Cables Used: (these matter enormously)

Power cord for Uptone JS-2 LPS: DR Acoustics (Quebec Canada) Back Moon 1.8m
Power cords for Audiophonics LPS, Benchmark DAC and Classé amps: DR Acoustics Red Moon 1.8m
Ethernet cable between EtherRegen and Mac mini and EtherRegen to UltraRendu: Supra CAT8 1m
USB cable from Mac mini to IsoRegen: DR Acoustics Digital Marvel 1m
Balanced Interconnects from DAC to amps: DR Acoustics Red Moon 1,5m
Distribution strip for amps: Furutech E-TP60E NCF Rhodium
Distribution strip for LPSes: Supra MD-06EU MK3
Power cord to wall and between distribution strips: Supra Lorad 2.5 SPC

Other Equipment Used: (these made a noticeable difference too)

Dedicated power line using its own phase separated from switching devices using 2,5mm2 wire from fuse to Furutech Rhodium wall outlet
AHP Klangmodul fuse holder
AHP gold-plated copper fuse
Furutech fuses in the Classé mono blocks

Optimized Audirvana Settings:

SoX Filter Bandwidth (% Nyquist): 94.5
SoX Filter Max. Length: 23296
SoX Filter Anti-Aliasing (%): 96
SoX Filter Phase (Min.
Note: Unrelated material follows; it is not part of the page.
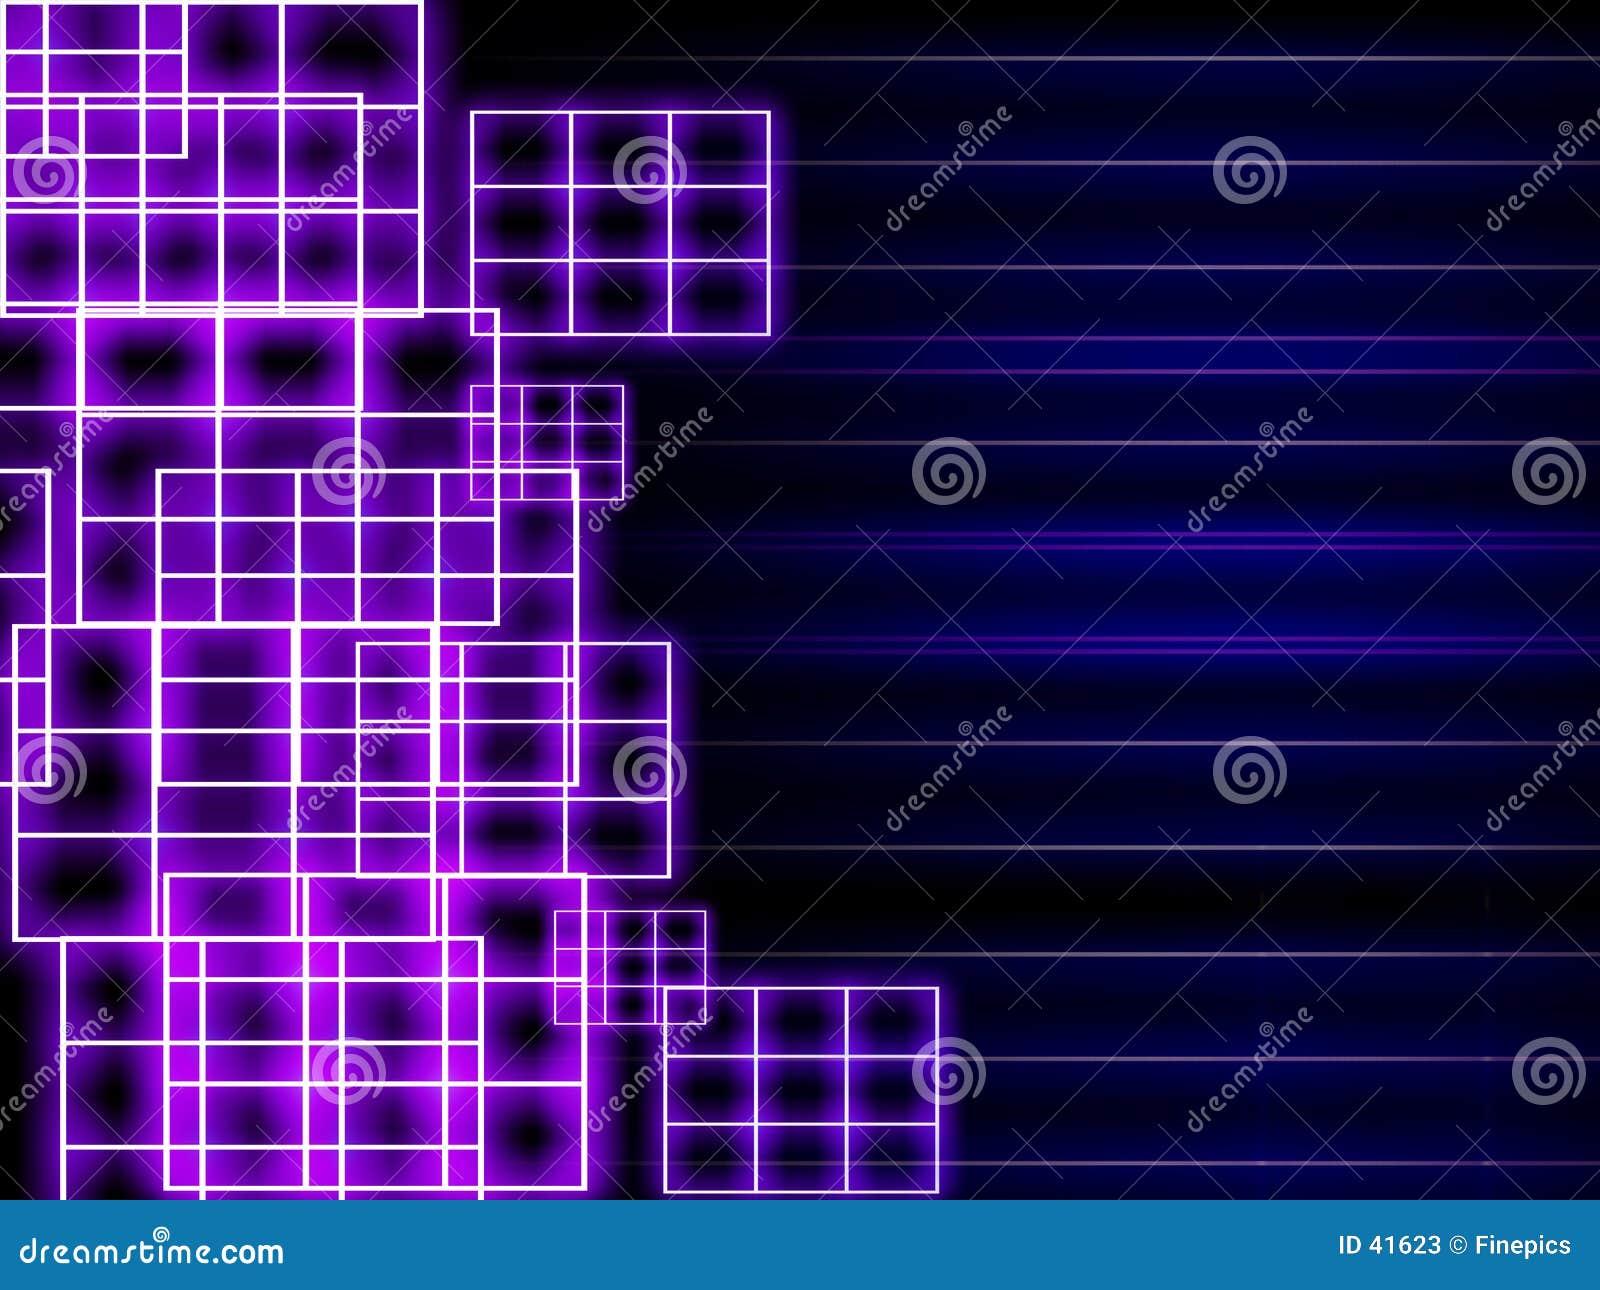 Background grid neon

Phase to Linear): 66
DSD Sigma-Delta Modulator Filter Type: A (4th order)
Safe volume reduction before DSD upsampling: -4dB

Reference Tracks: A Detailed Guide

Selecting proper reference tracks is crucial for system optimization. Below are the tracks I’ve used extensively, what each one reveals about a system, and specific improvements I observed after optimizing Audirvana’s settings.

Note that your list of reference tracks will be different. You should use tracks that you are intimately familiar with to optimize your system. We cannot calibrate our system when we don’t know for sure what each recording is supposed to sound like. This requires knowing the tracks very well, and having heard them in different environments and at different times.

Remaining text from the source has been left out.